Retype all of the data word for word, without pictures.

:: INFORMATION PROVIDED ::
====
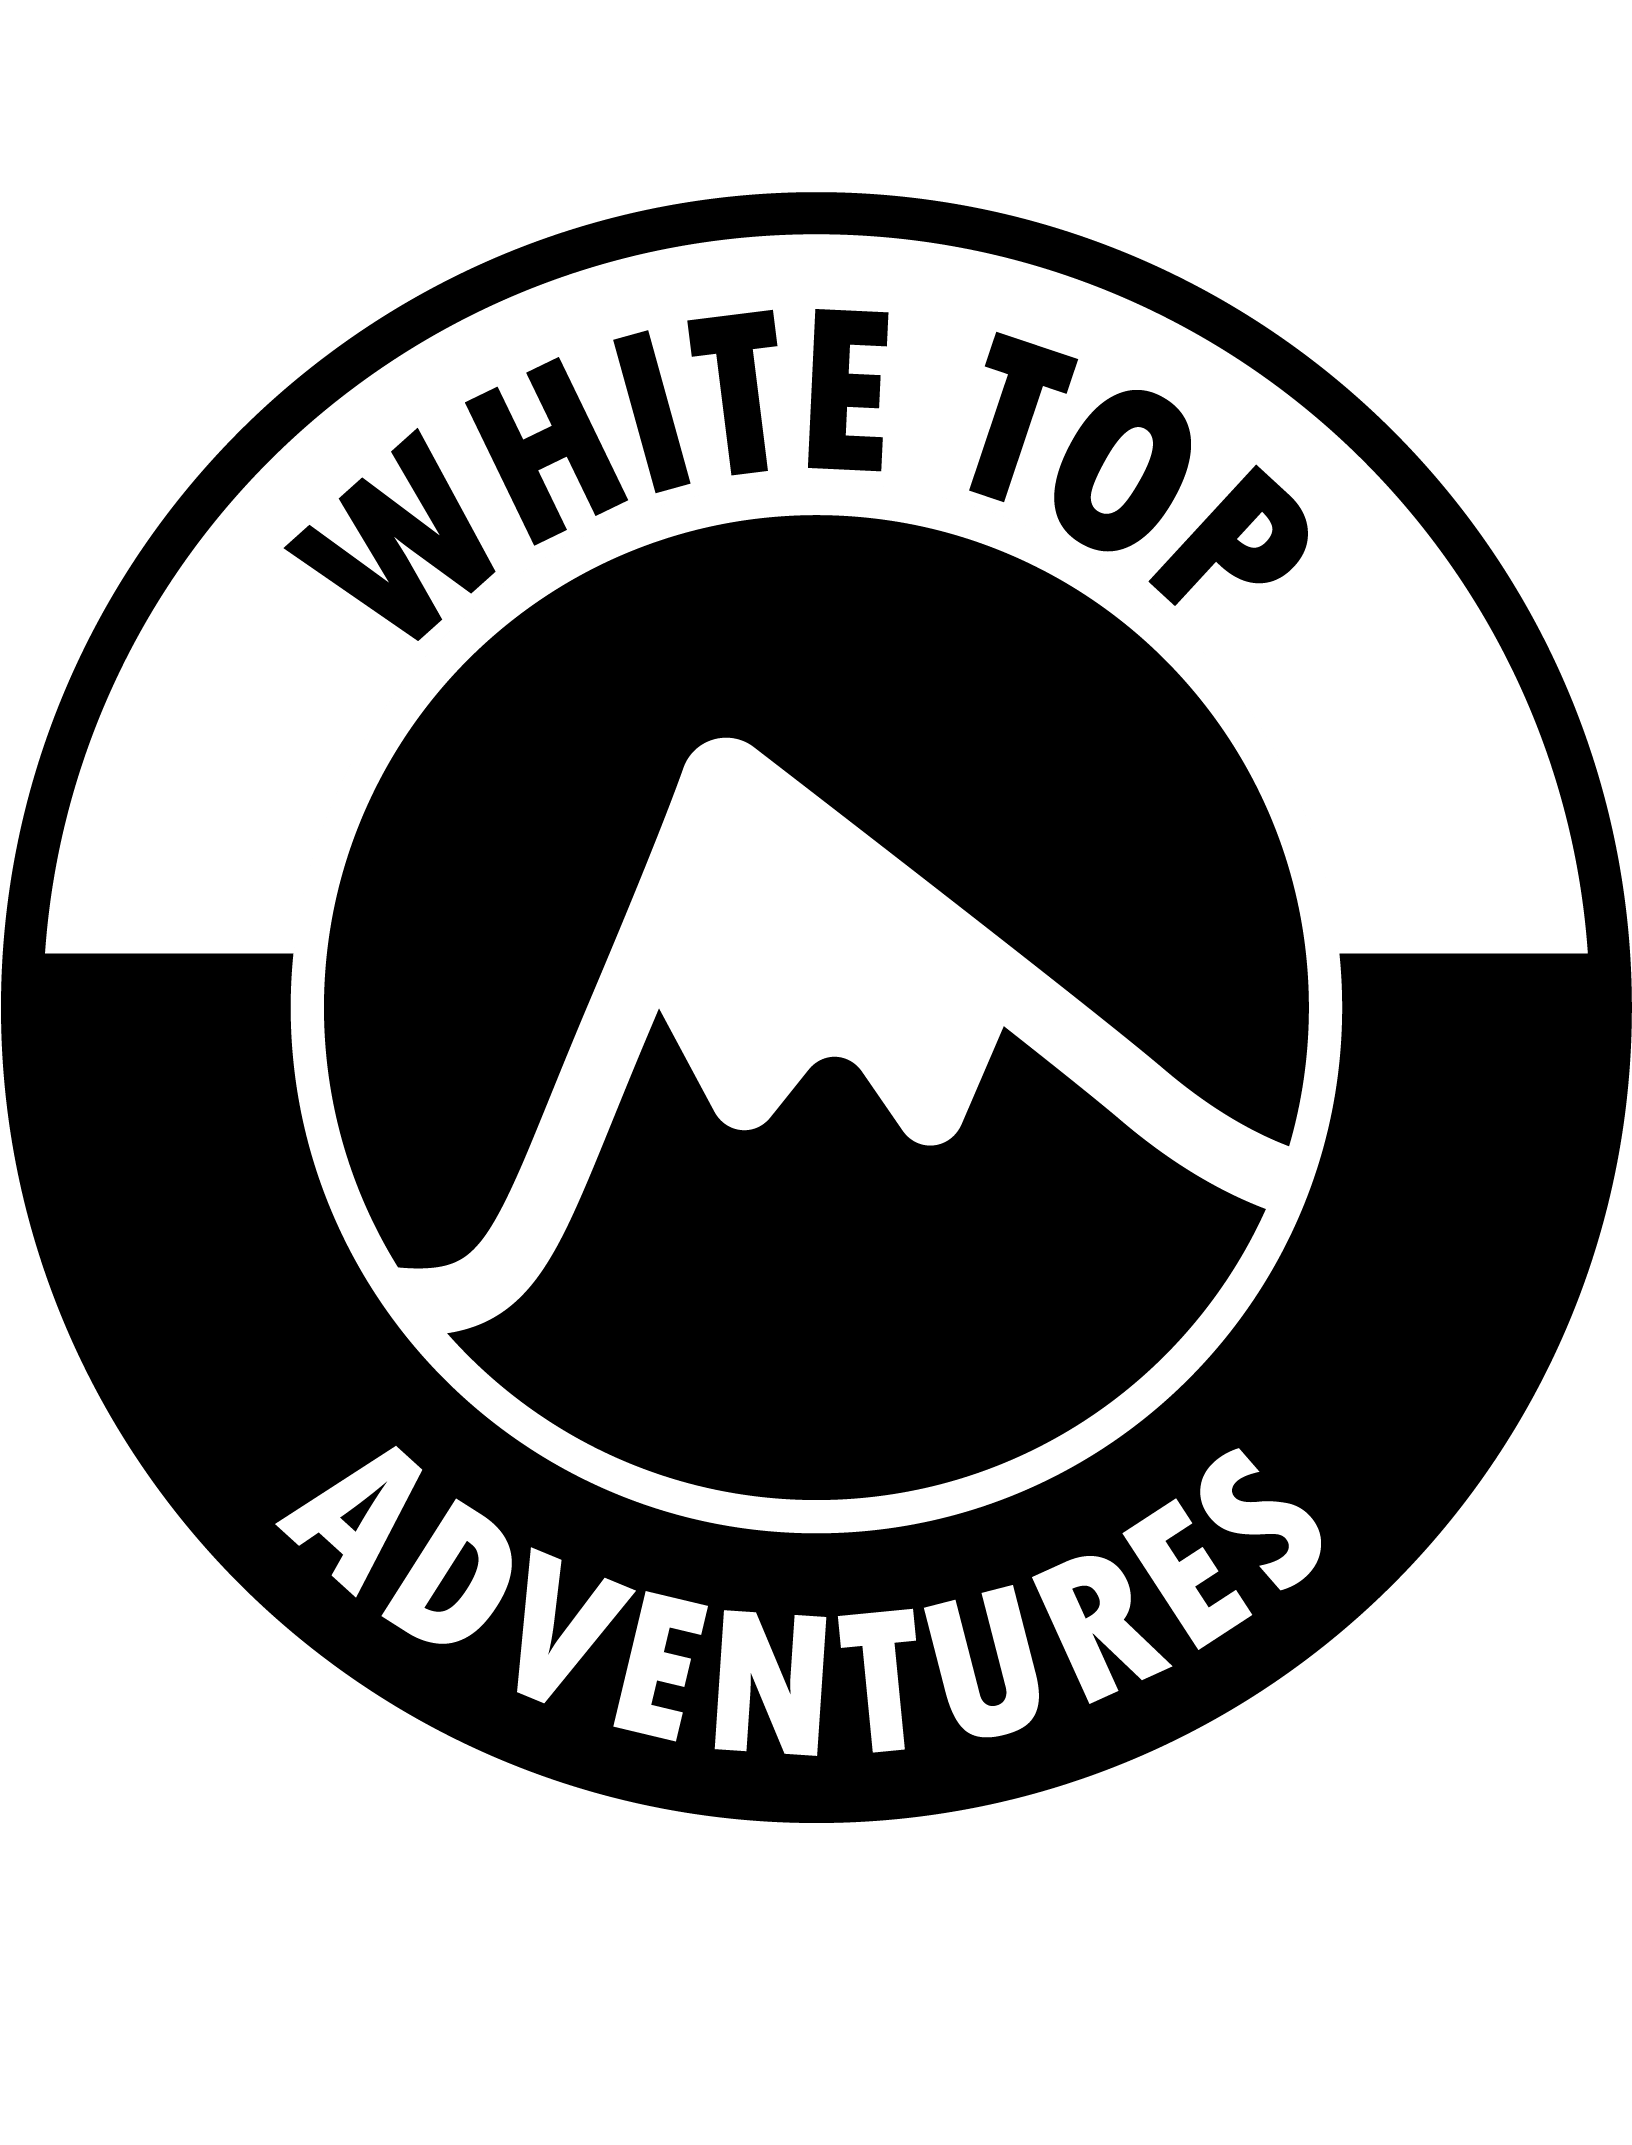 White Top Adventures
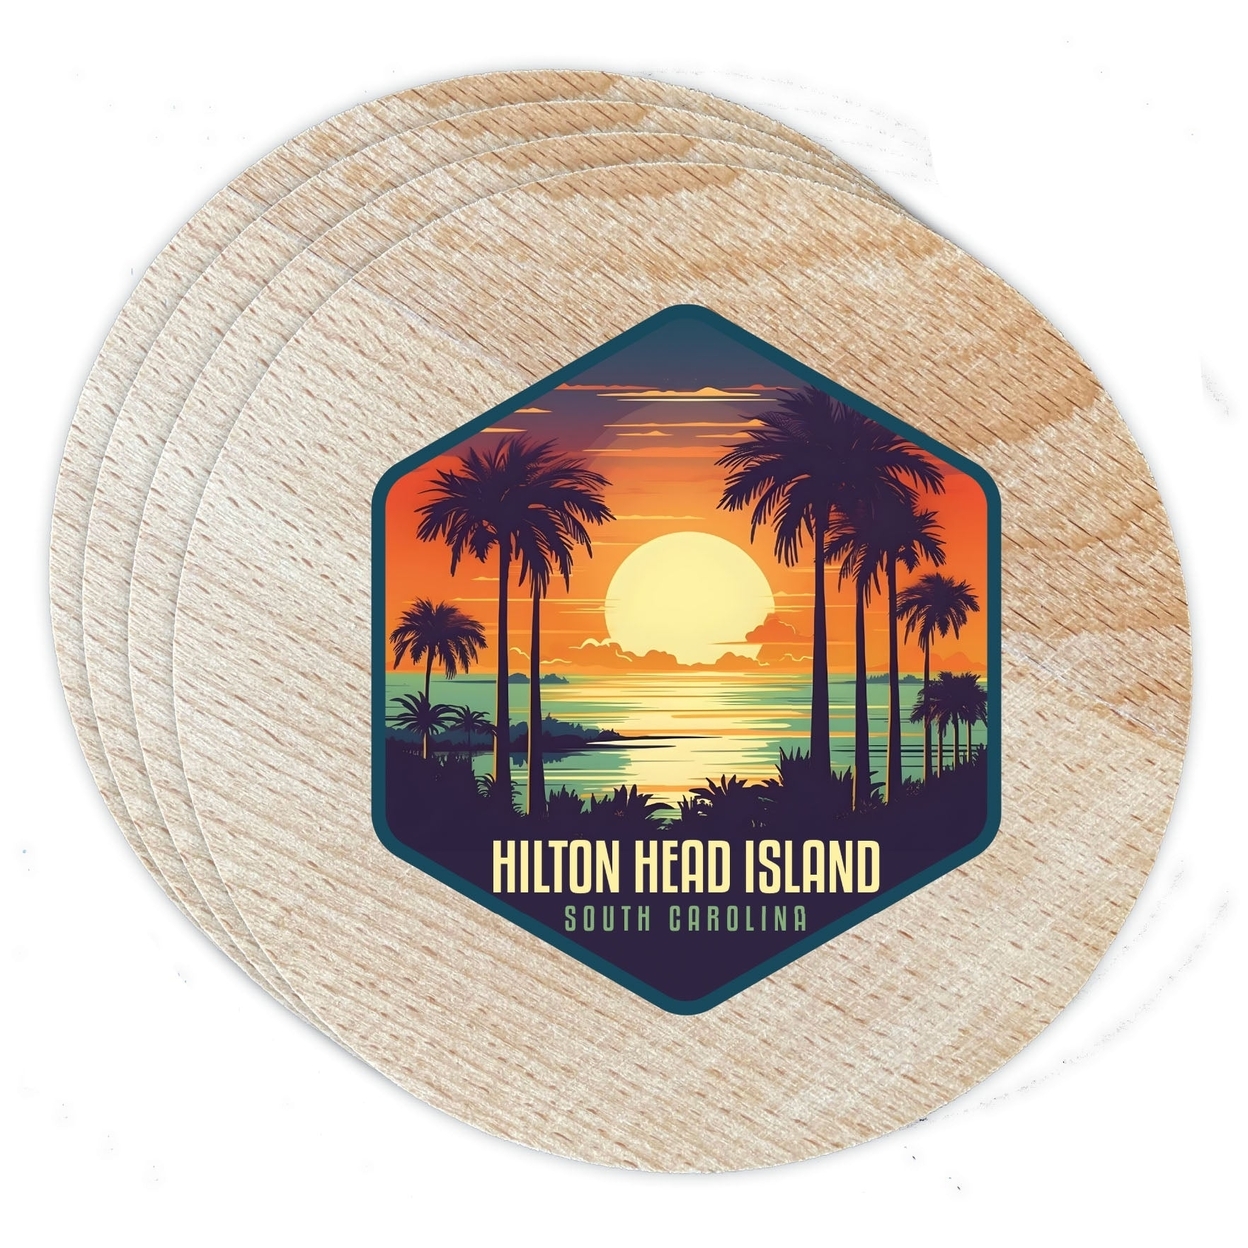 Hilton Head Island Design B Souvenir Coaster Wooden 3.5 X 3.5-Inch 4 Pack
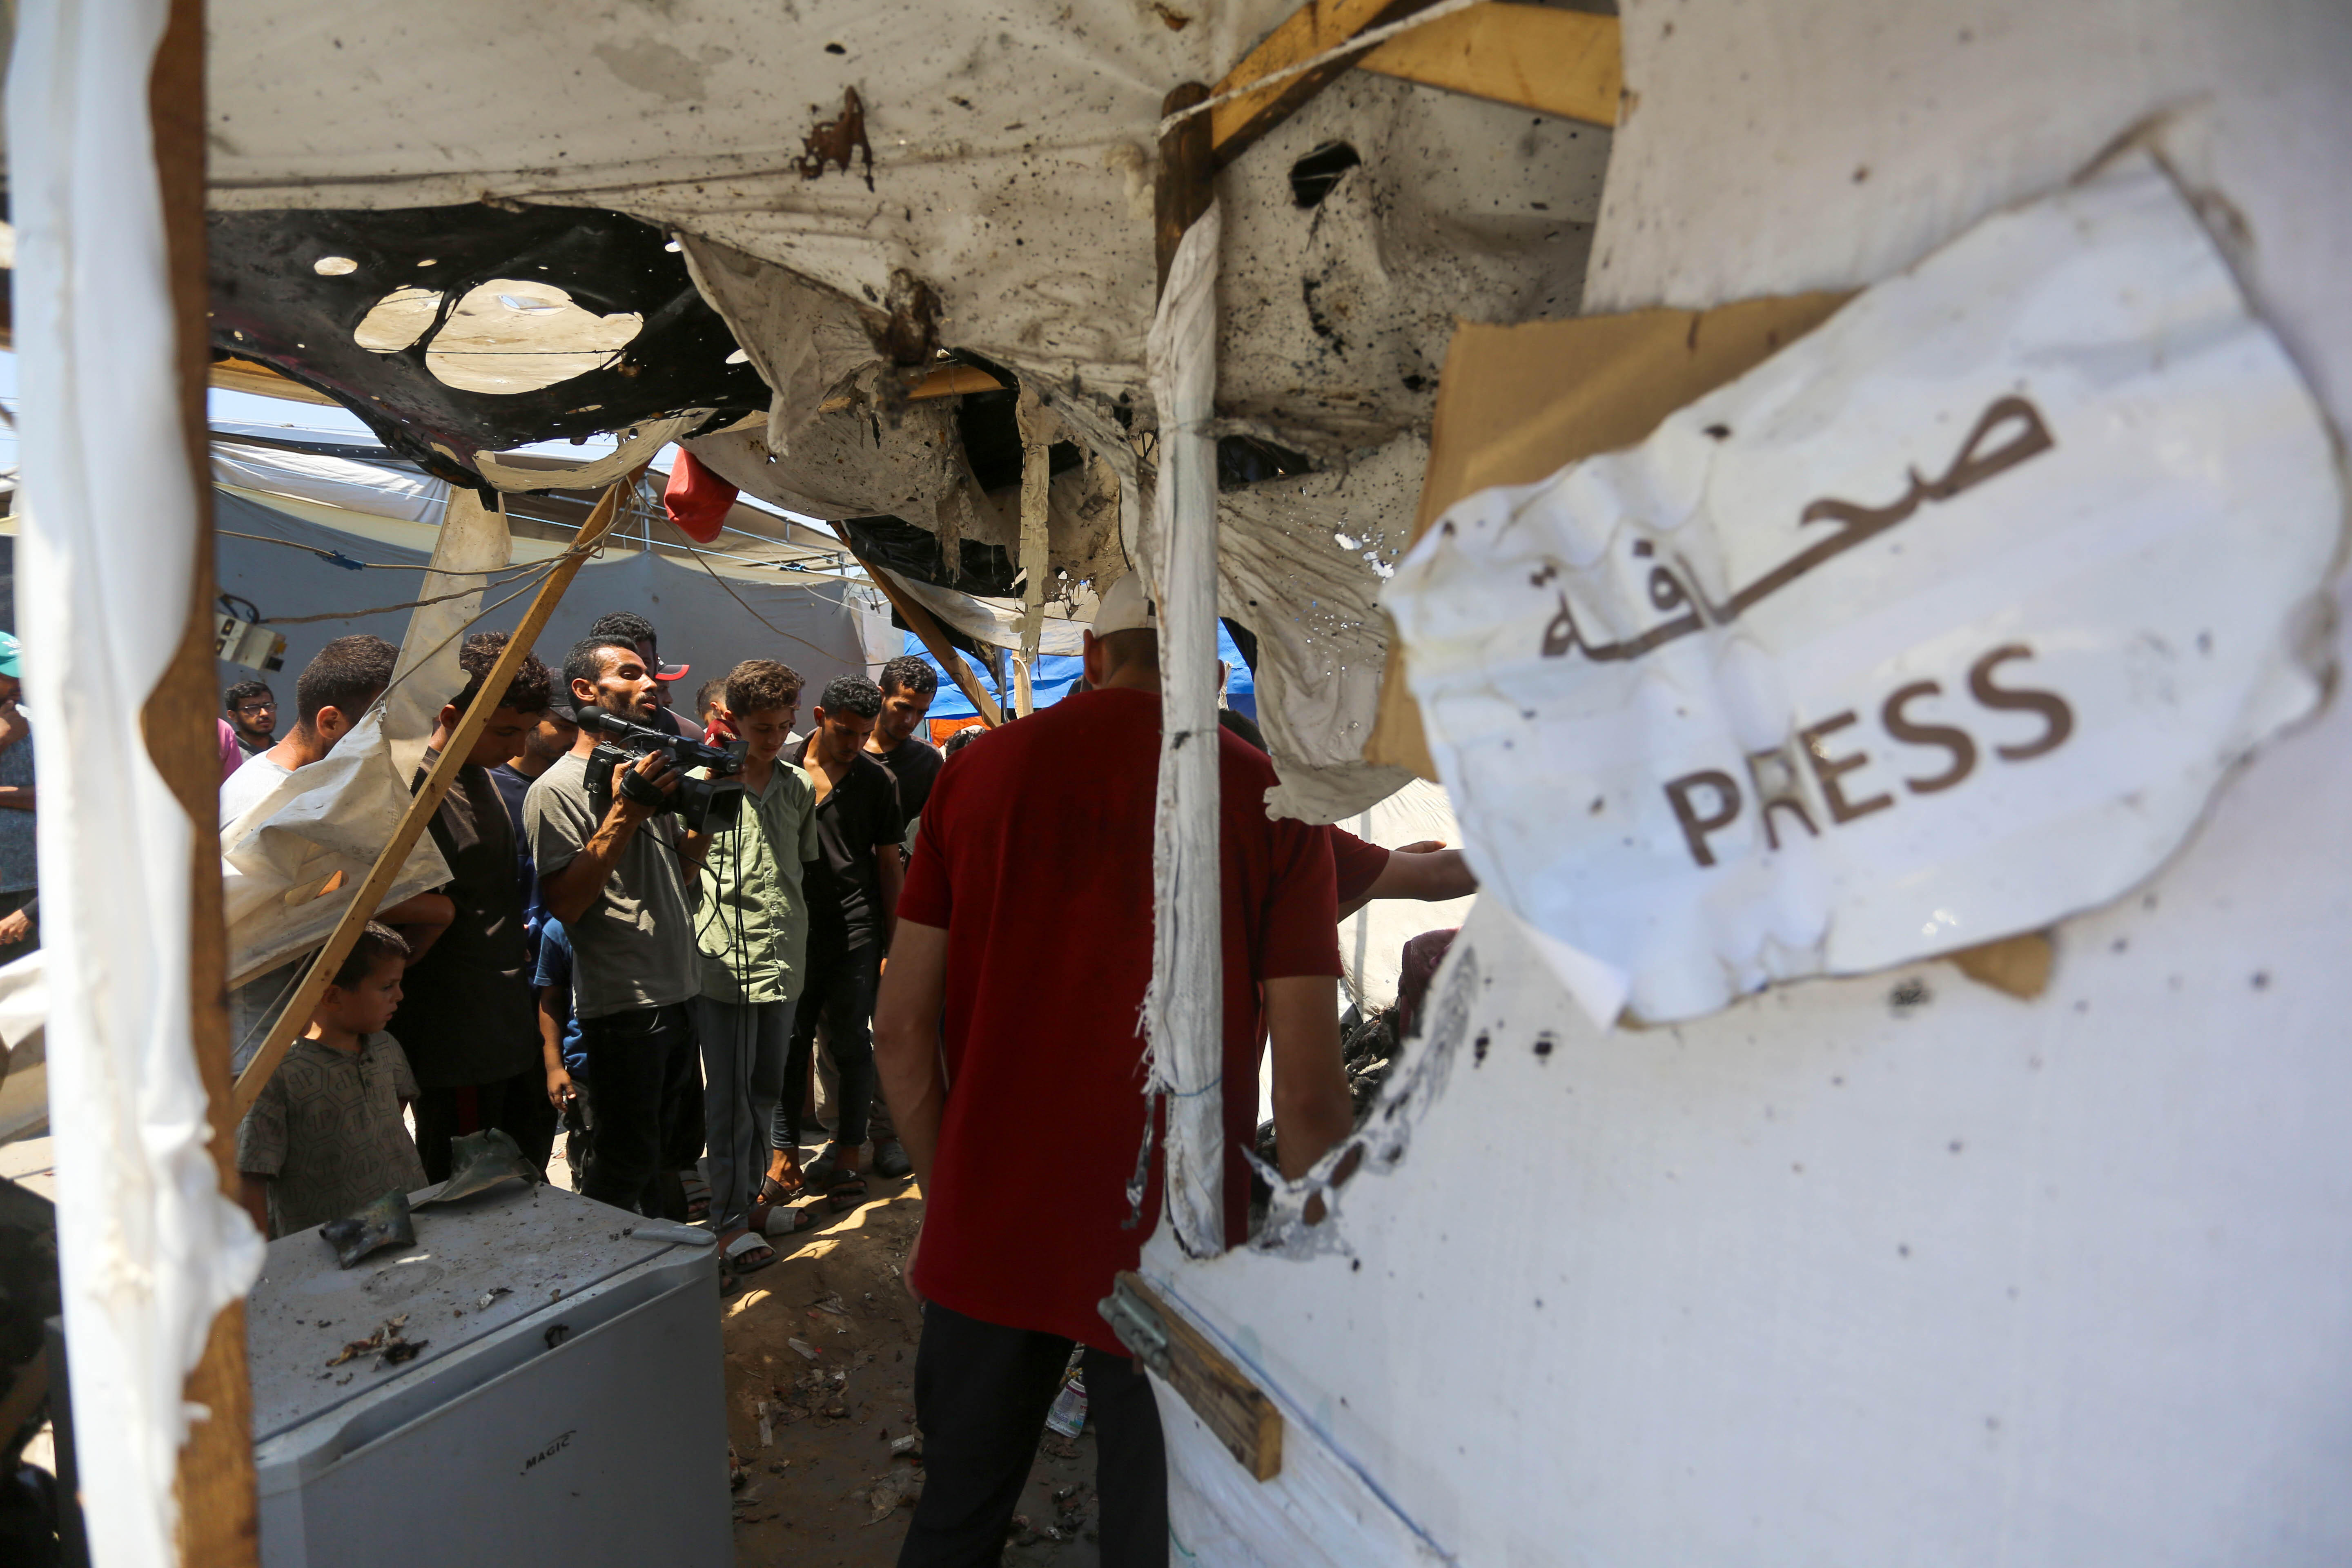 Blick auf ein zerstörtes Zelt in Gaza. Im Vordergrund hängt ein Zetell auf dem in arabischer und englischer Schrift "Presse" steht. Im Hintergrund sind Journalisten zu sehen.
====
:: RESPONSE ::
 White Top Adventures
 Hilton Head Island Design B Souvenir Coaster Wooden 3.5 X 3.5-Inch 4 Pack
 Blick auf ein zerstörtes Zelt in Gaza. Im Vordergrund hängt ein Zetell auf dem in arabischer und englischer Schrift "Presse" steht. Im Hintergrund sind Journalisten zu sehen.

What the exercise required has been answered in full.